START RAW DATA
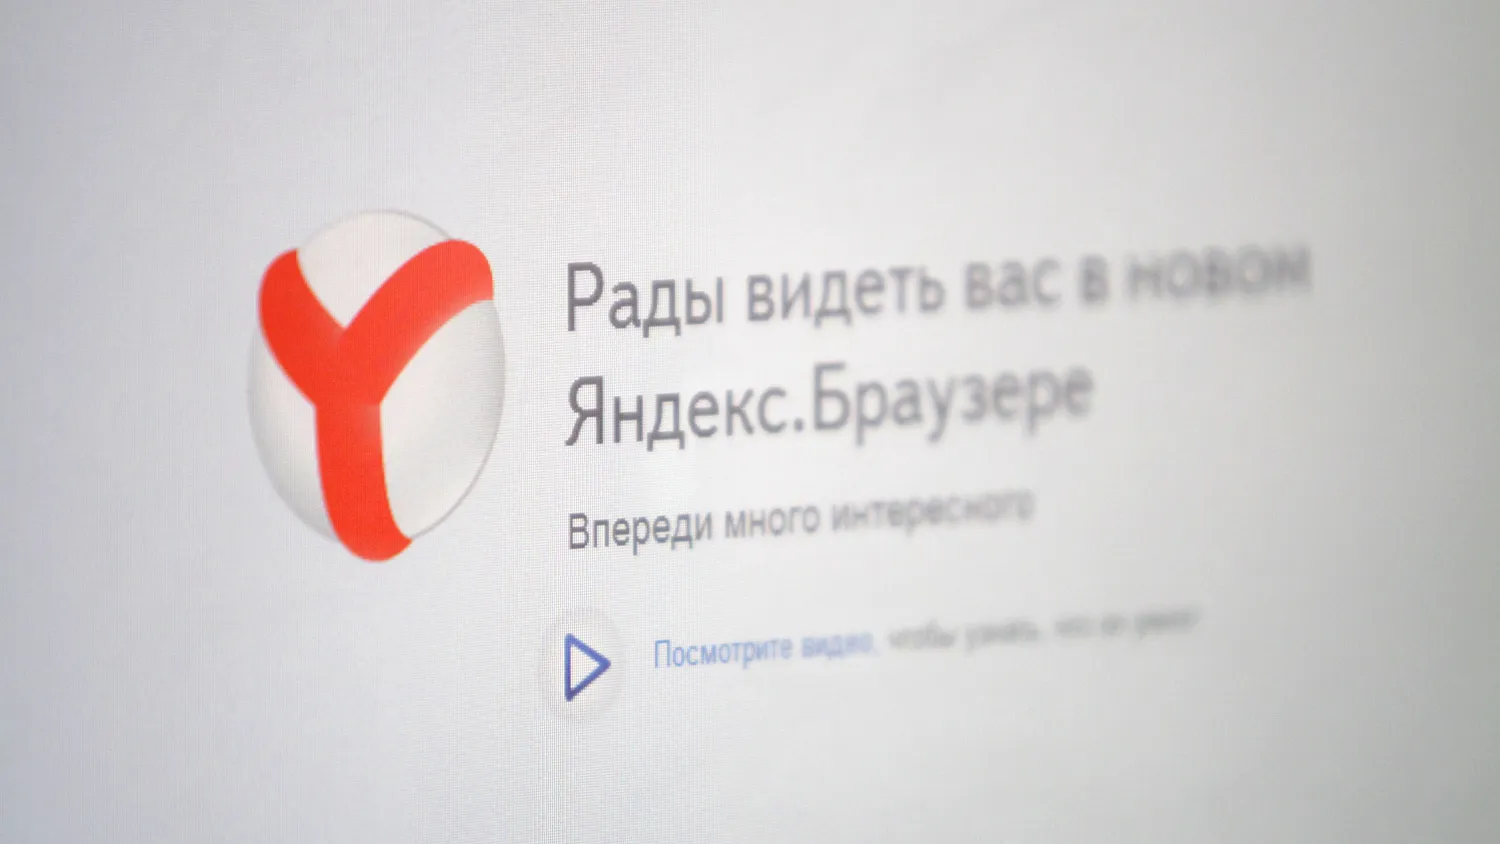 Вышла новая версия «Яндекс.Браузера»
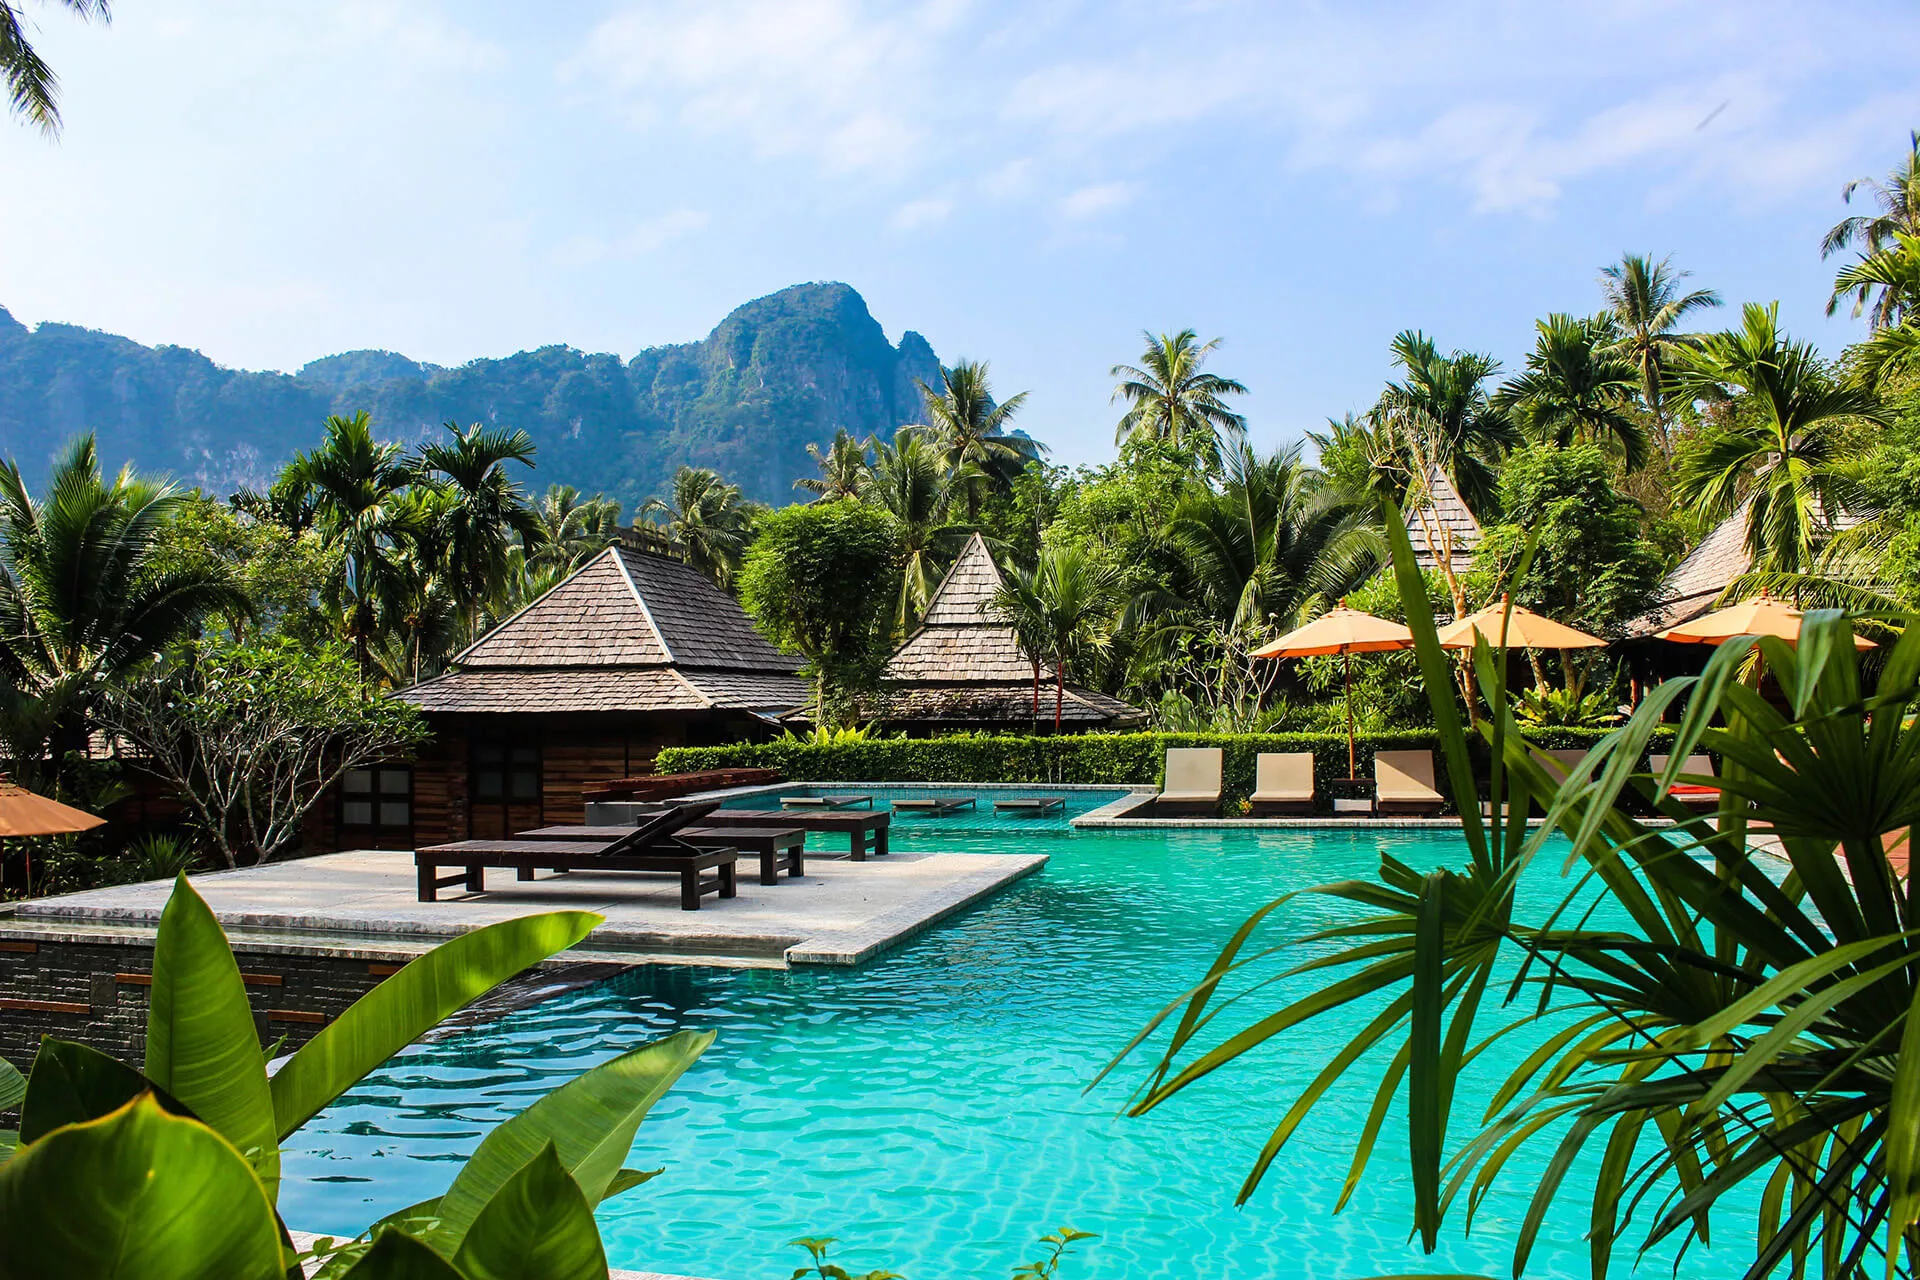 Pauschalreise nach Thailand, Urlaub im Hotel mit Pool und Palmen, Flug & Hotel mit AurumTours
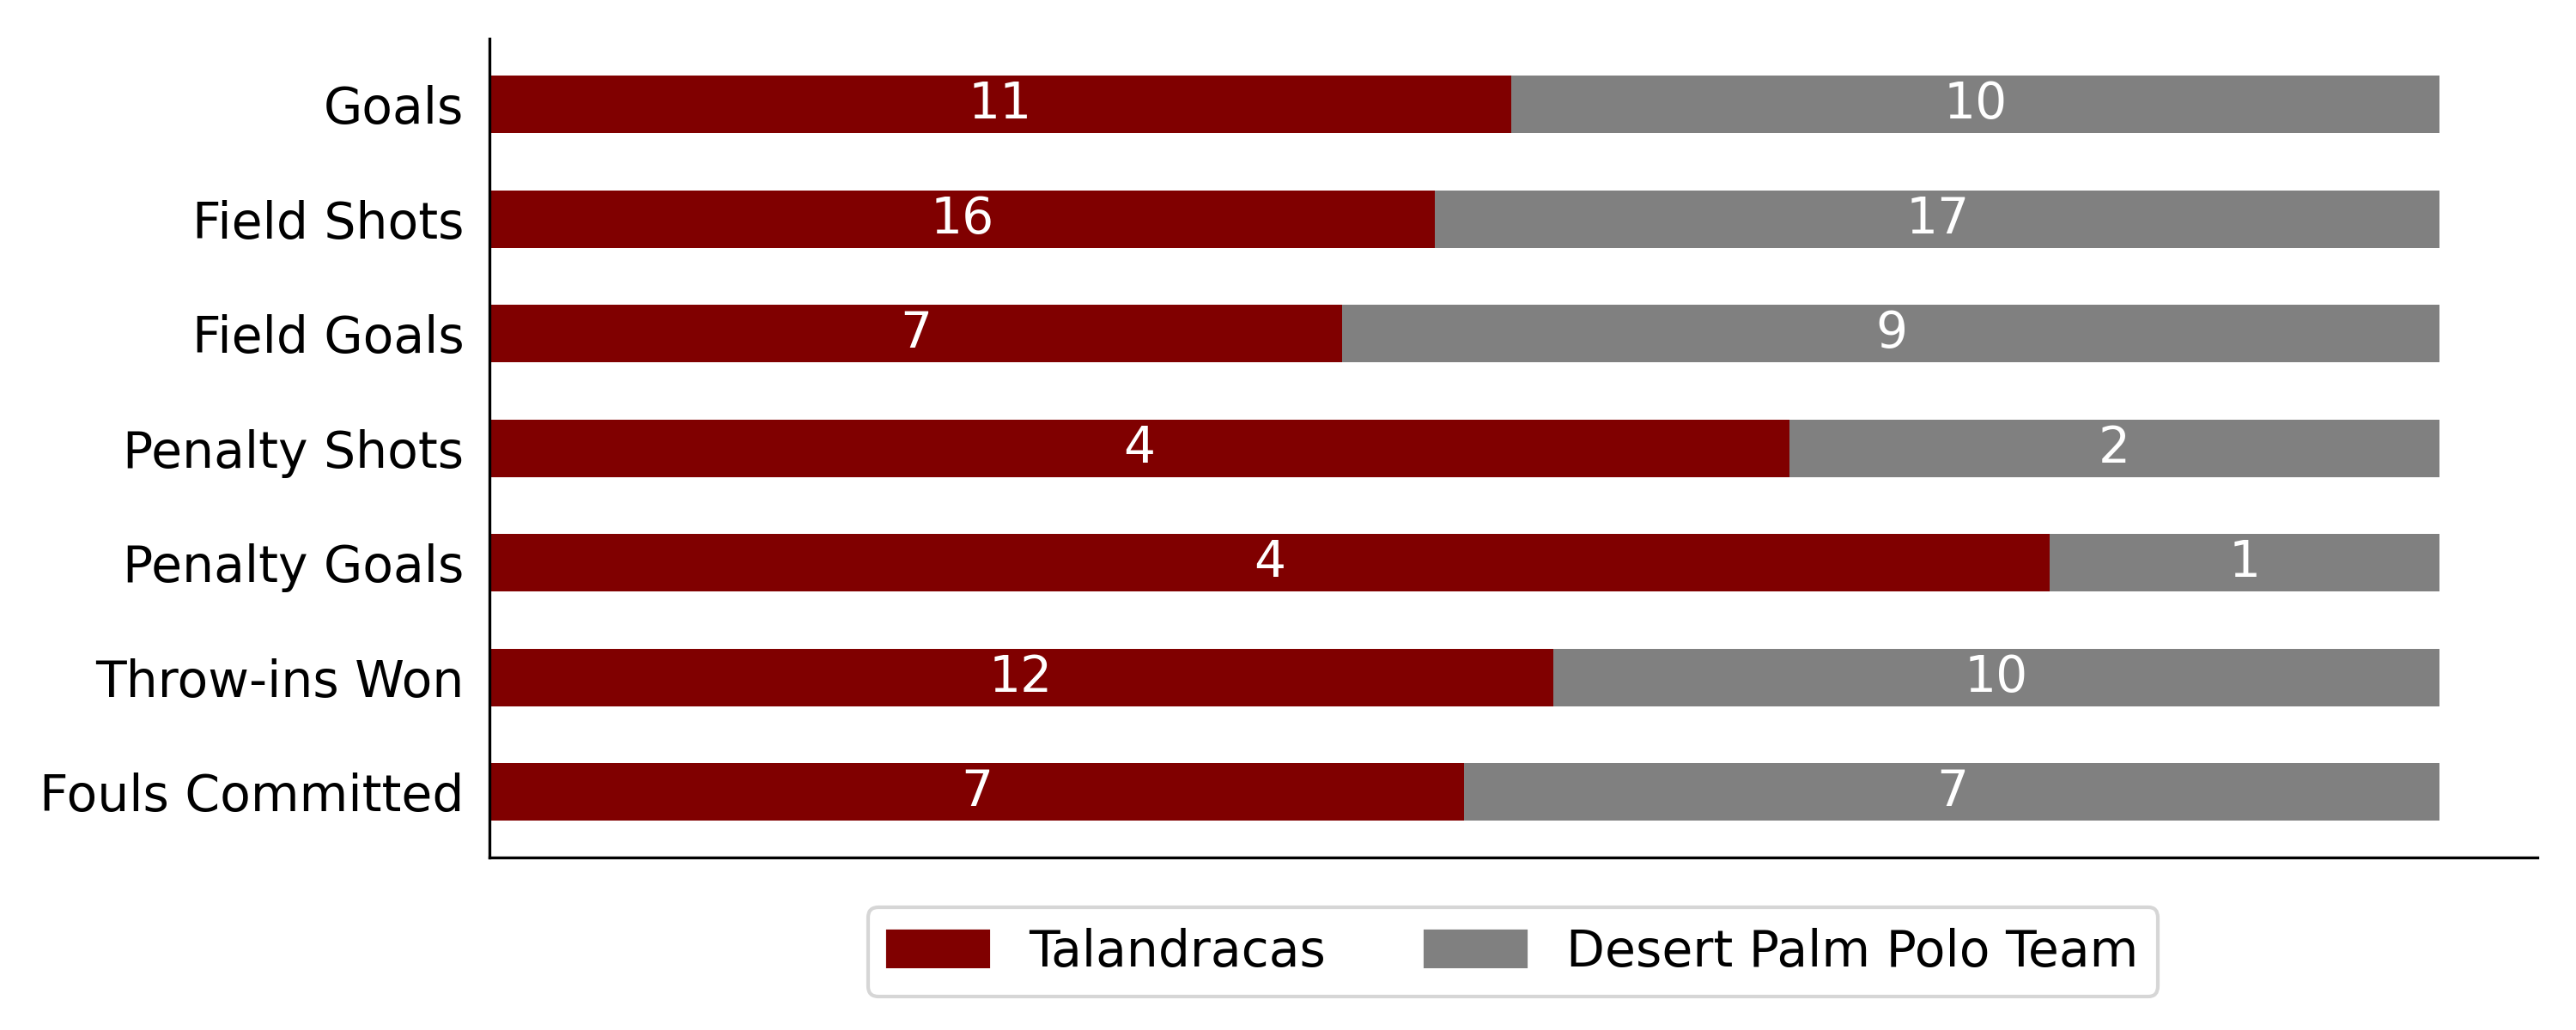 Talandracas won against Desert Palm Polo Team 6
END RAW DATA
*EXERCISE BRIEF*
Word for word, restate all of the material, omitting the images.

*ANSWER TO THE EXERCISE*
 Вышла новая версия «Яндекс.Браузера»
 Pauschalreise nach Thailand, Urlaub im Hotel mit Pool und Palmen, Flug & Hotel mit AurumTours
 Talandracas won against Desert Palm Polo Team 6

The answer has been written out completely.